(1) If $\left|z\right| = 1$. Then find minimum value of $\left|z^2+z+4\right|$

(2) If $z\in \mathbb{C}.$ Then minimum value of $\left|z^2-z+1\right|+\left|z^2+z+1\right|.$

$\bf{My\; Try}::$ (1) Given $\left|z\right| = 1\Rightarrow z \bar{z} = 1$.

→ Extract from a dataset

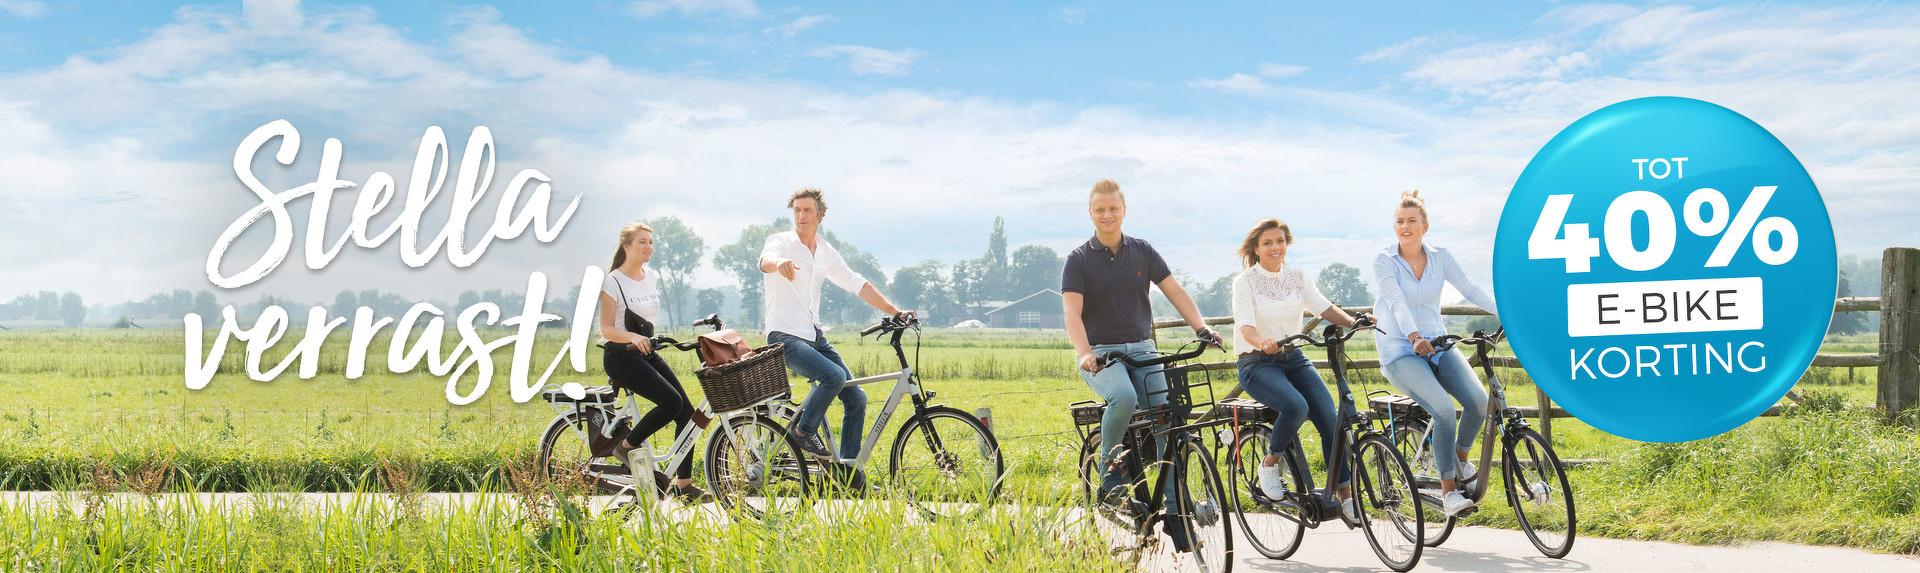 Stella Verrast - Verrassingskorting tot 40% op alle Stella e-bikes!

So $\left|z^2+z+4z\bar{z}\right| = |z|\cdot \left|z+4\bar{z}+1\right| = \left|z+4\bar{z}+1\right|$

Now Let $z = x+iy$. Then $\bar{z} = x-iy$ and $|z| =1\Rightarrow x^2+y^2 = 1$

So $\left|x+iy+4x-4iy+1\right| = \left|5x+1-3iy\right| = \sqrt{(5x+1)^2+9y^2}$

So Let $f(x) = \sqrt{(5x+1)^2+9(1-x^2)} = \sqrt{25x^2+1+10x+9-9x^2}$

So $\displaystyle f(x) = \sqrt{16x^2+10x+10}=4\sqrt{x^2+\frac{5}{8}x+\frac{5}{8}}$

So $\displaystyle f(x) = 4\sqrt{\left(x+\frac{5}{16}\right)^2+\left(\frac{5}{8}-\frac{25}{256}\right)}\geq 4\sqrt{\frac{27 \times 5}{256}} = 4\times \frac{3\sqrt{15}}{16} = \frac{3\sqrt{15}}{4}$

which is occur at $\displaystyle x = -\frac{5}{16}$

(2) Now I did not understand how can i solve (II) one

Help Required



HINT. The second part is the triangle inequality in reverse. So instead of starting with $|a+b|$ and getting $|a+b|\leq |a|+|b|$. You have $|a|+|b|$ and want to write something like $|a+b|\leq |a|+|b|$.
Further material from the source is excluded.